**Exercise data**
########################################

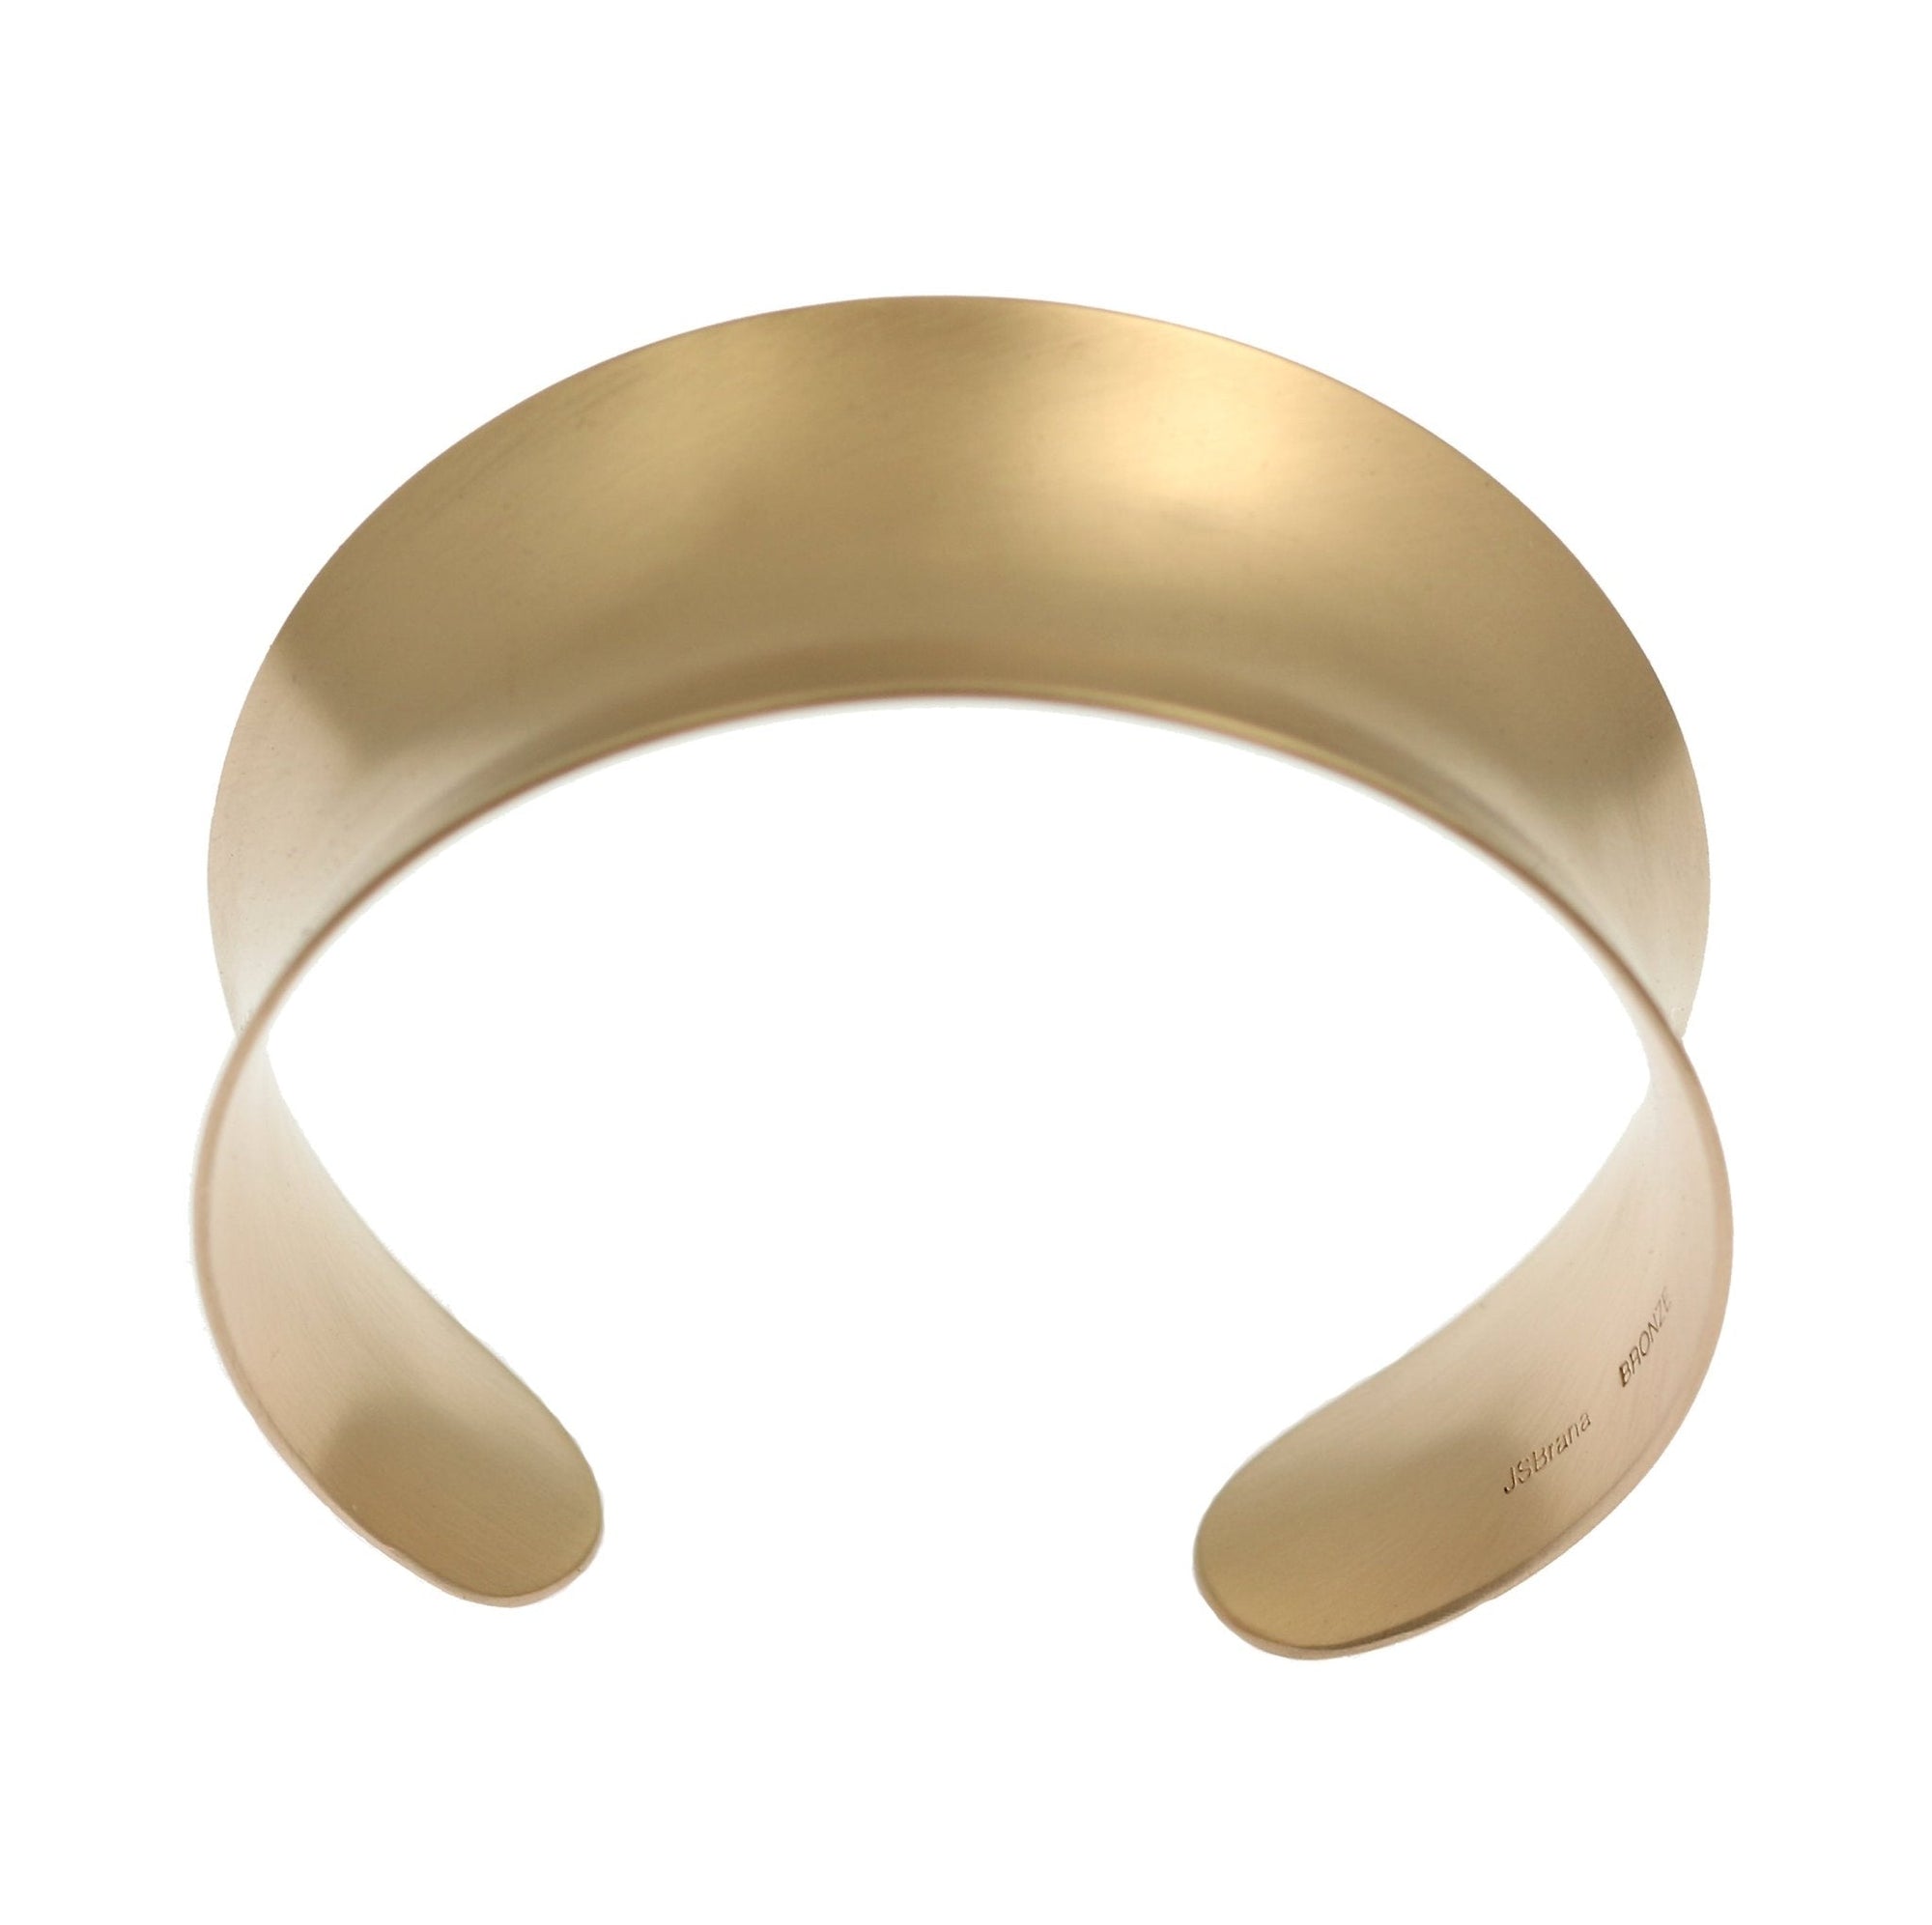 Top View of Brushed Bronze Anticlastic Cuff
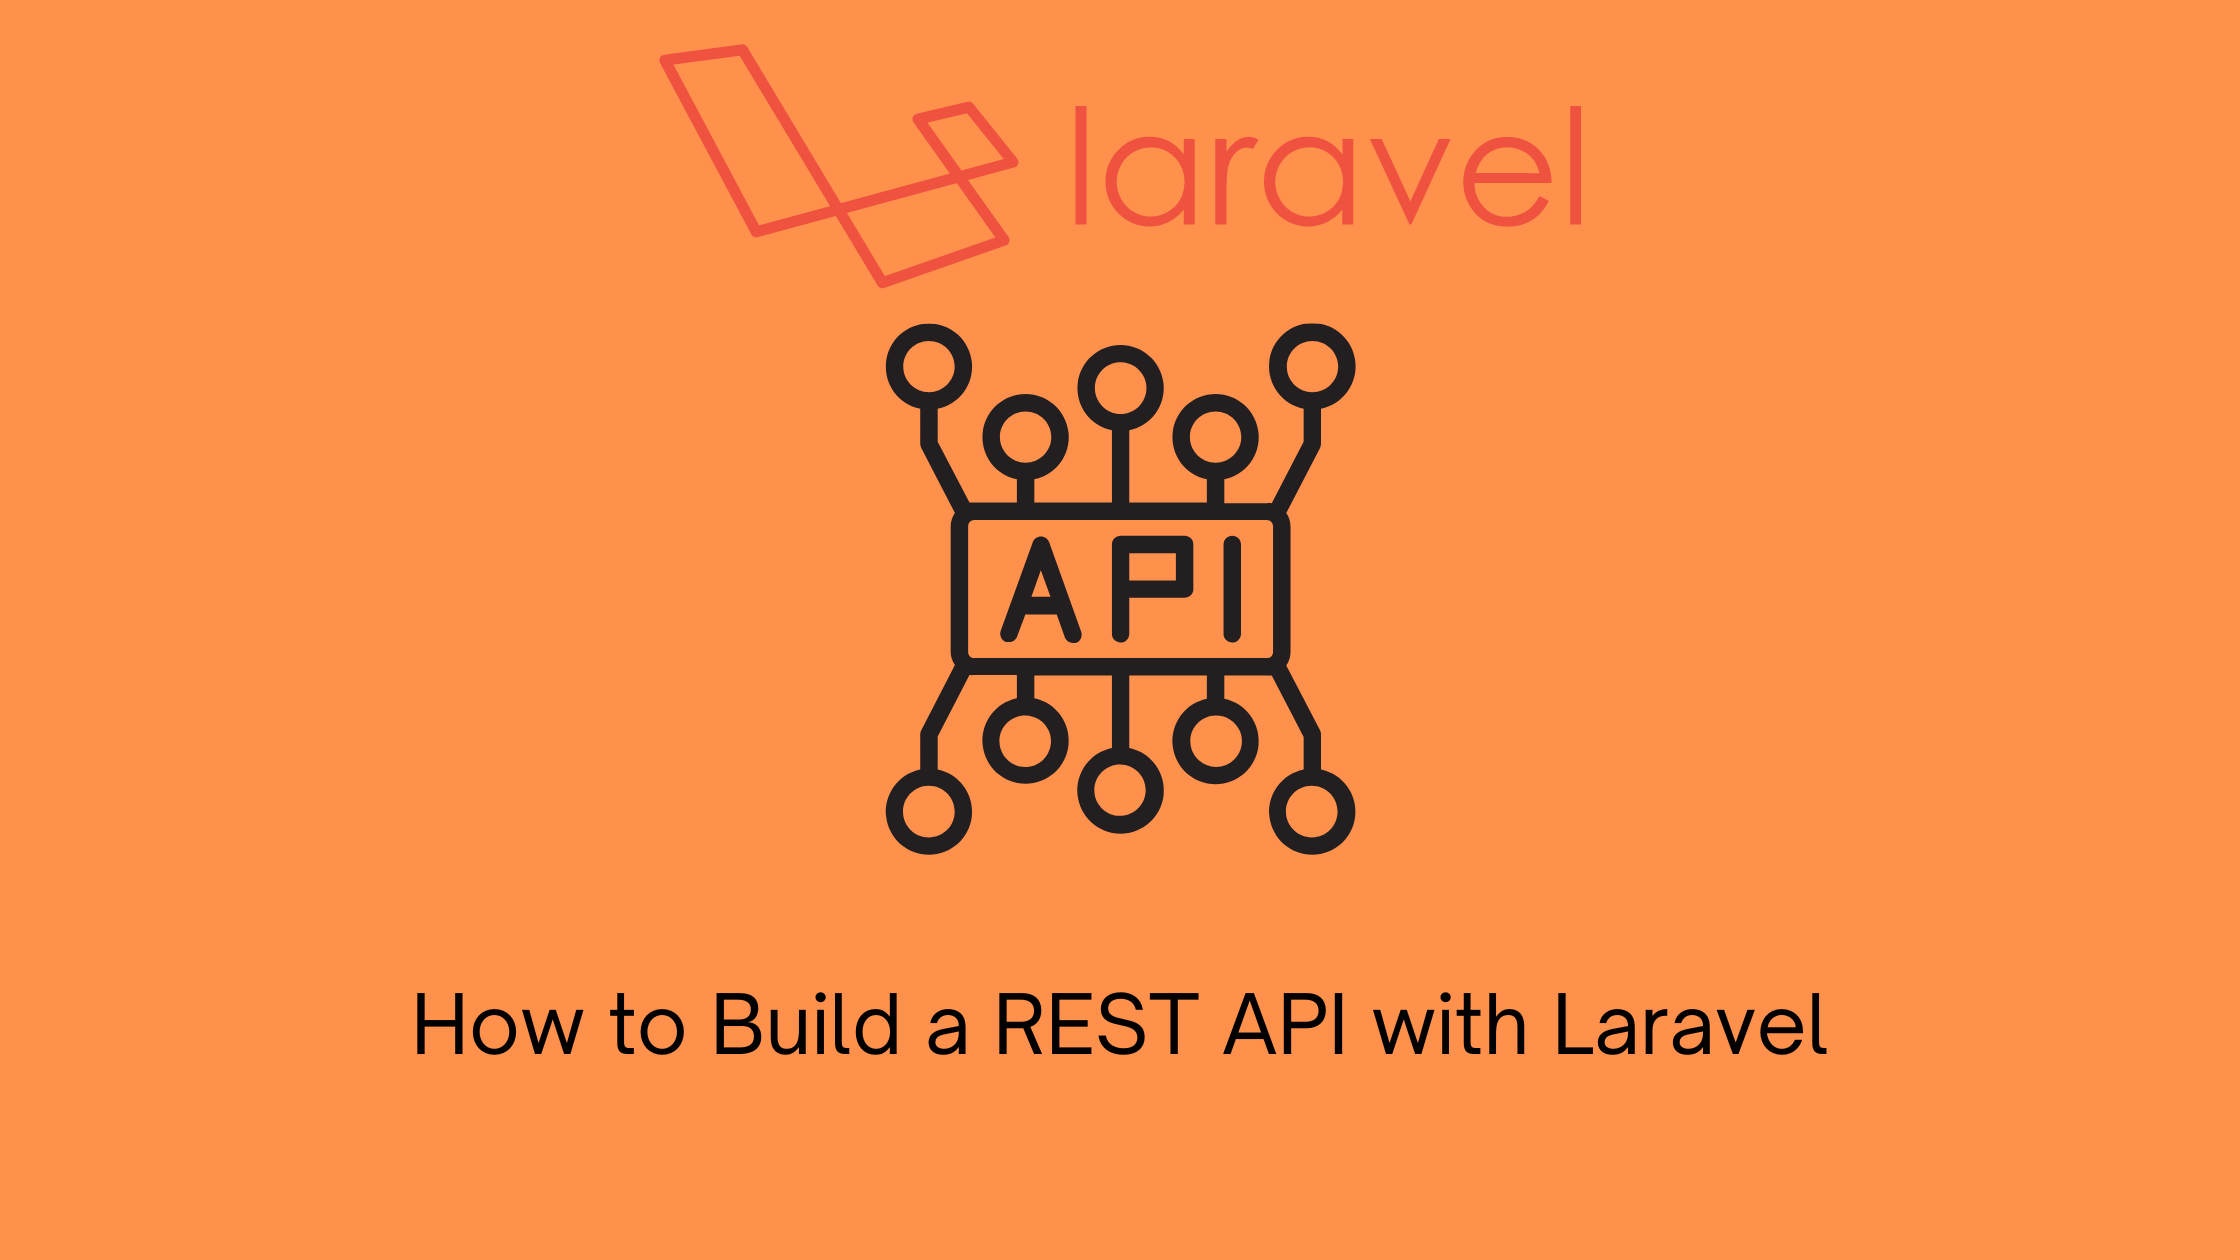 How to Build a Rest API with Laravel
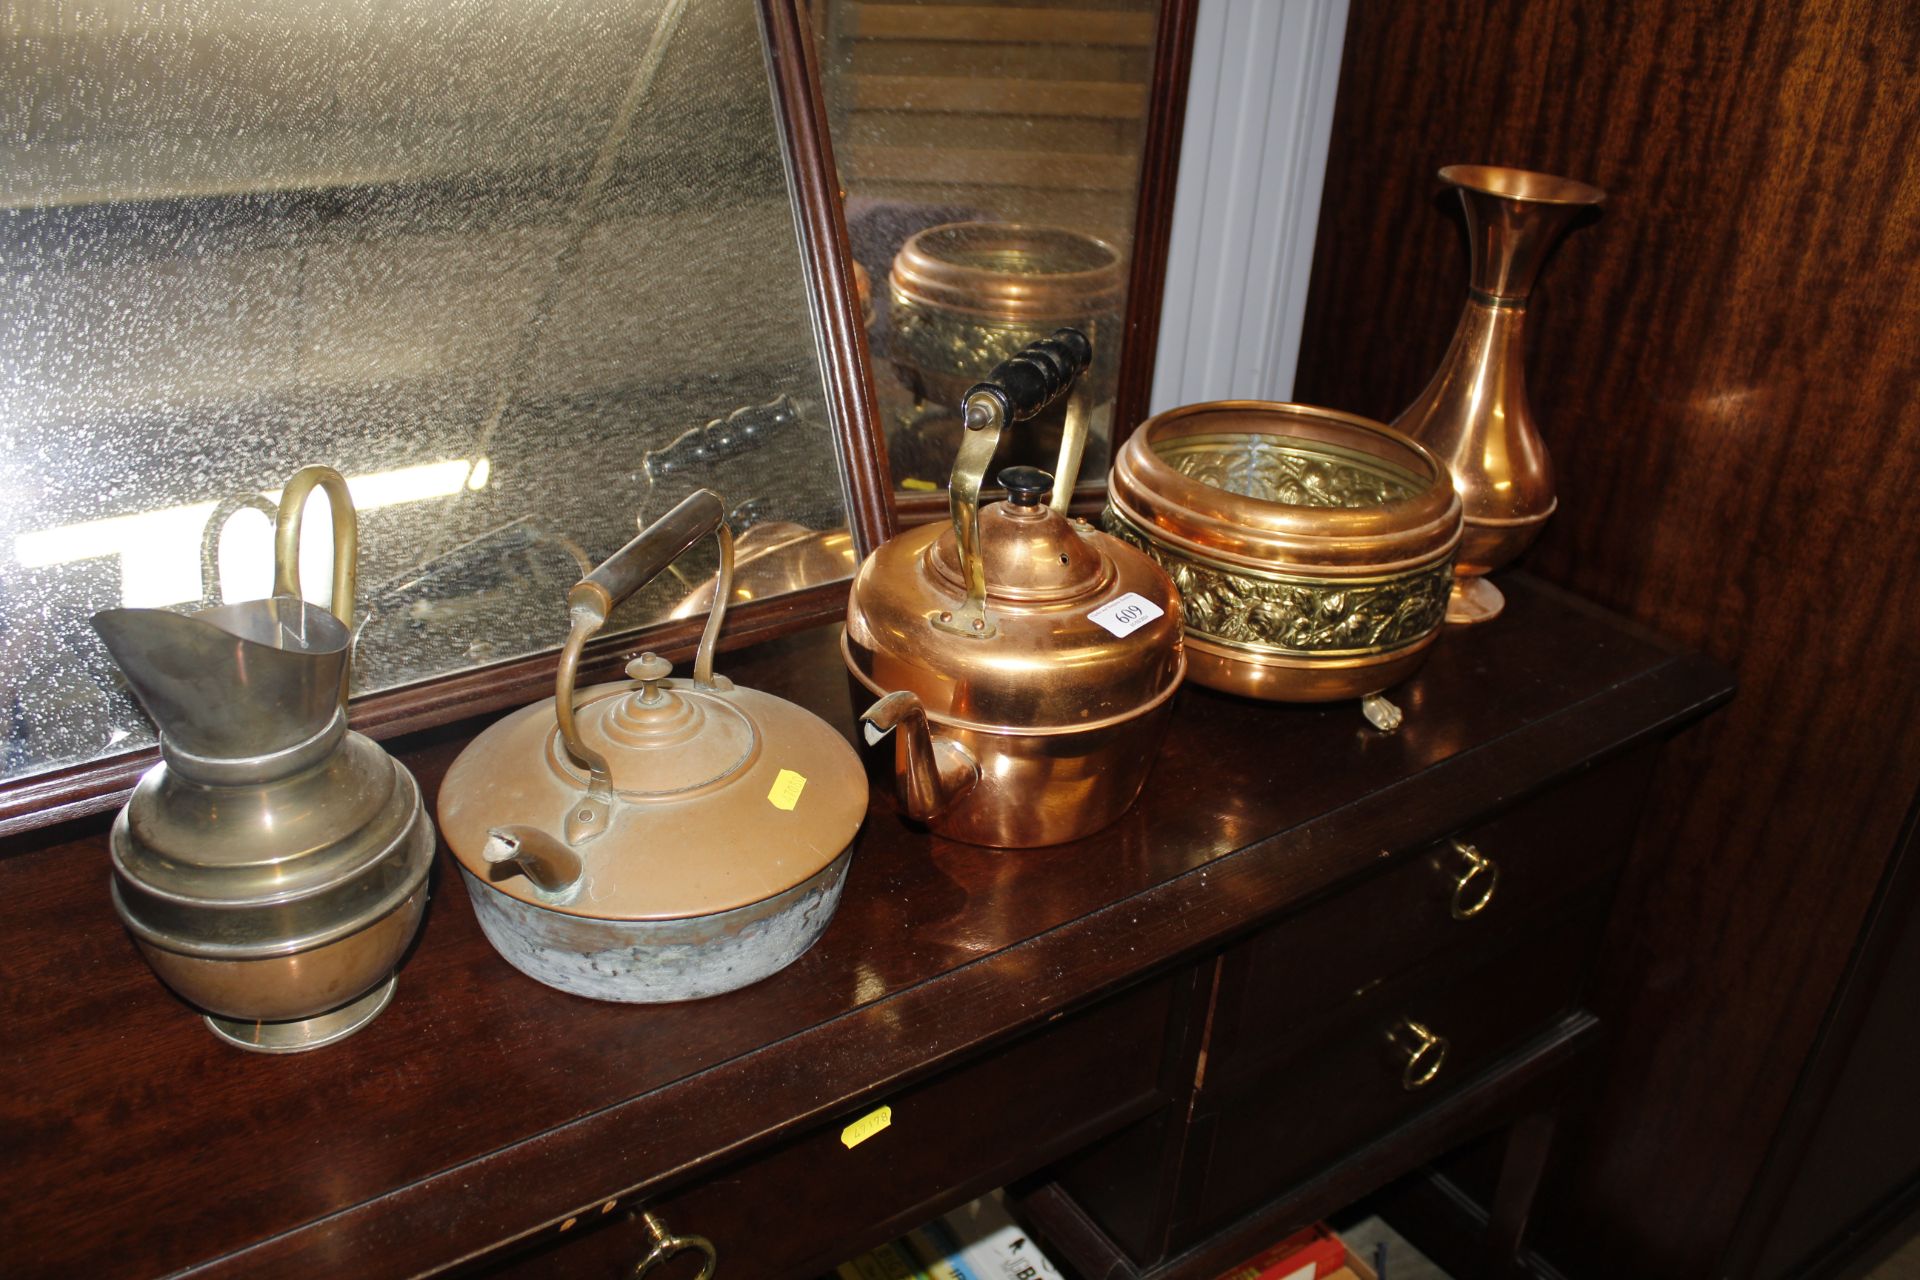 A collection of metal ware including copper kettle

########################################

**Exercise objective**
Your answer must be the full listing, copied exactly, with no pictures in it.

**Reply to the exercise**
 Top View of Brushed Bronze Anticlastic Cuff
 How to Build a Rest API with Laravel
 A collection of metal ware including copper kettle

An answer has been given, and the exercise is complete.